- Radzicz
- Coordinates: 53°11′39″N 17°23′18″E﻿ / ﻿53.19417°N 17.38833°E
- Country: Poland
- Voivodeship: Kuyavian-Pomeranian
- County: Nakło
- Gmina: Sadki
- Time zone: UTC+1 (CET)
- • Summer (DST): UTC+2 (CEST)
- Vehicle registration: CNA

= Radzicz, Kuyavian-Pomeranian Voivodeship =

Radzicz is a village in rural Gmina Sadki, within Nakło County, Kuyavian-Pomeranian Voivodeship, in north-central Poland.

==History==
The area formed part of Poland since the establishment of the state in the 10th century. Radzicz was a private village of Polish nobility, administratively located in the Nakło County in the Kalisz Voivodeship in the Greater Poland Province of the Kingdom of Poland. The village was annexed by Prussia in the late-18th-century Partitions of Poland, and was also part of Germany from 1871. Following World War I, Poland regained independence and control of the village.

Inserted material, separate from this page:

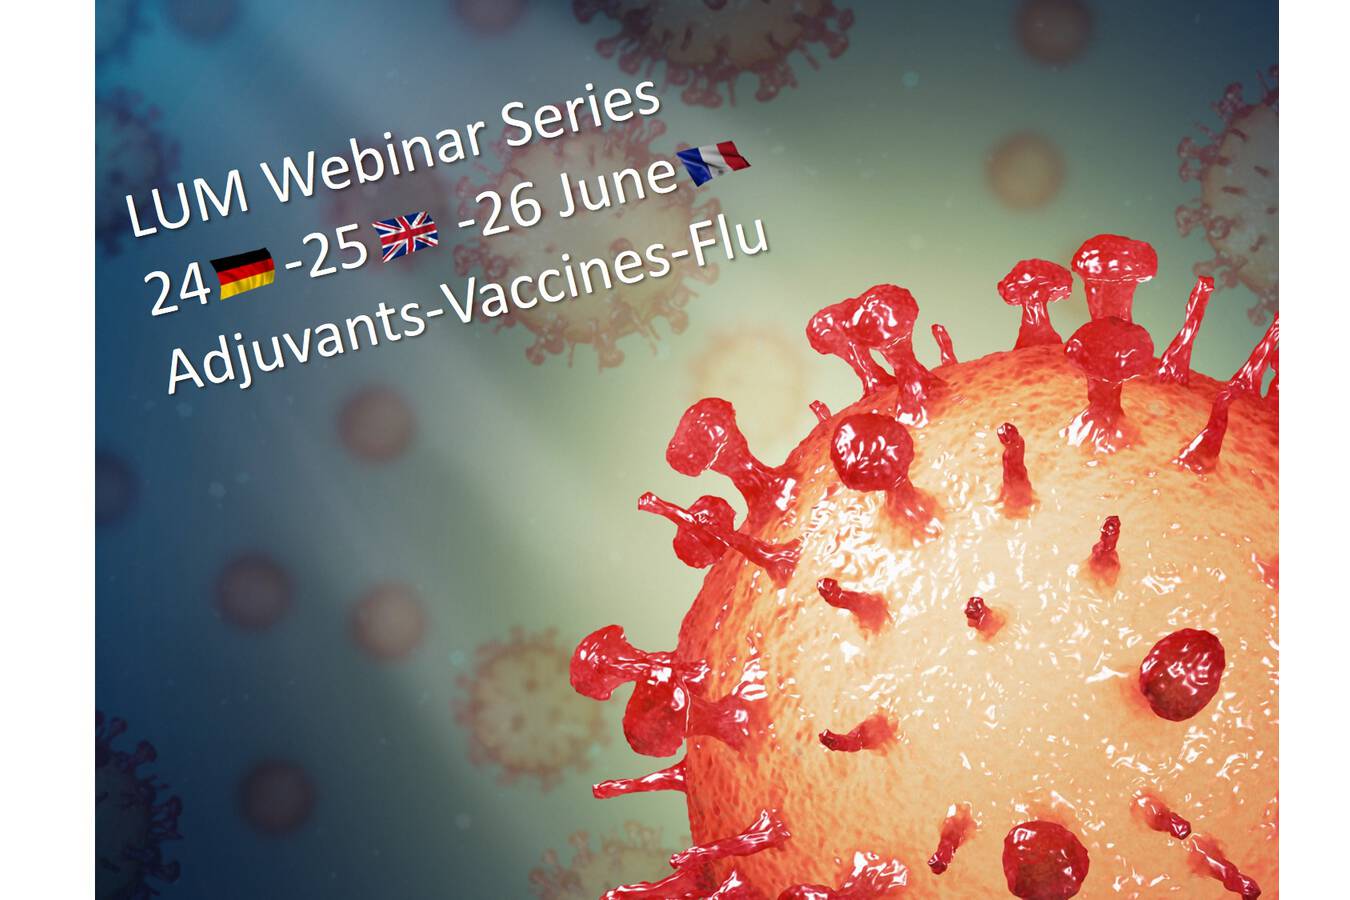 Adjuvants-Vaccines-Influenza-Webinar

During the German occupation of Poland (World War II), Radzicz was one of the sites of executions of Poles, carried out by the Germans in 1939 as part of the Intelligenzaktion. Poles from Radzicz were also among the victims of massacres of Poles perpetrated by the SS and Selbstschutz in the forest near Sadki in October and November 1939, also as part of the Intelligenzaktion.

From 1975 to 1998, Radzicz administratively belonged to Bydgoszcz Voivodeship, superseded by the Kuyavian-Pomeranian Voivodeship.